* The STAC-M3 measures time-series database performance used in algorithmic trading and backtesting workloads
* Supermicro Petascale servers, Intel Xeon 6 processors, Micron™ 9550 SSDs and DDR5 memory, and KX Software’s kdb+ database were showcased
* Results show that lower latency queries accelerate algorithm testing and increase the number of testable trading strategies
SAN JOSE, Calif. and NEW YORK, Oct. 28, 2025 /PRNewswire/ — Super Micro Computer, Inc. (SMCI), a Total IT Solution Provider for AI/ML, HPC, Cloud, Storage, and 5G/Edge, today announced record-breaking results for the STAC-M3 benchmark, in collaboration with Intel and Micron, at the STAC Summit in New York City. STAC, an independent testing organization focused on the financial industry, leads the STAC Benchmark™ Council with over 500 financial services institutions and more than 70 technology companies participating.

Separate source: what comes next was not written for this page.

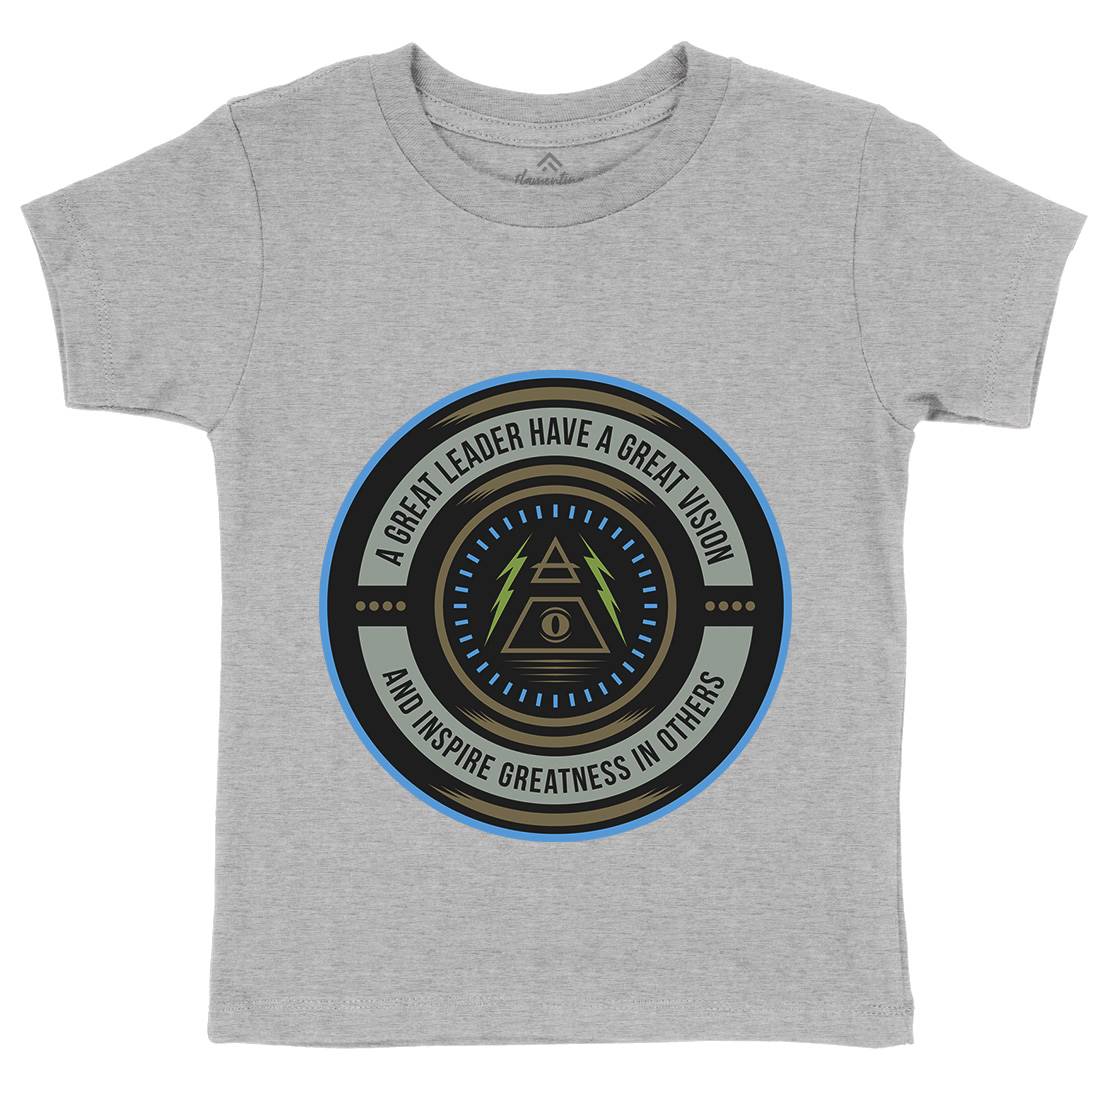 Great Vision Kids Crew Neck T-Shirt Illuminati A323

“The record-breaking test results are a testament to both Supermicro’s workload optimized building block product design enabling us to achieve first-to-market leadership and our collaboration with leading technology providers Intel, Micron and KX Software,” said Vik Malyala, SVP Technology & AI at Supermicro. “Supermicro prides itself on its close collaboration with leading industry partners and its ability to deliver the most leading-edge technology to customers to gain a competitive advantage. In the world of high frequency quantitative trading, the time-to-market and performance advantage we’re able to deliver can be measured in our customers’ trading profits.”
For more information on Supermicro’s Petascale servers, please visit All-Flash NVMe Servers for Advanced Computing | Supermicro.
The STAC-M3 benchmark focuses on real-time quantitative trading using simulated market bid-ask and settled trade data for thousands of assets. STAC-M3 is a full-stack benchmark including compute, storage, networking, and software in a multi-user environment. It measures query response time for scenarios often used in algorithmic trading, risk management and trade strategy backtesting commonly performed by banks, hedge funds, quantitative trading firms and trading exchanges. Large data volumes, low latency, and complex processing capabilities are common characteristics of high-frequency trading and analysis environments. Financial firms have a growing need to collect, store, and analyze more data than ever before. Tick data analysis helps firms quickly react to market changes to maximize profits and manage risk.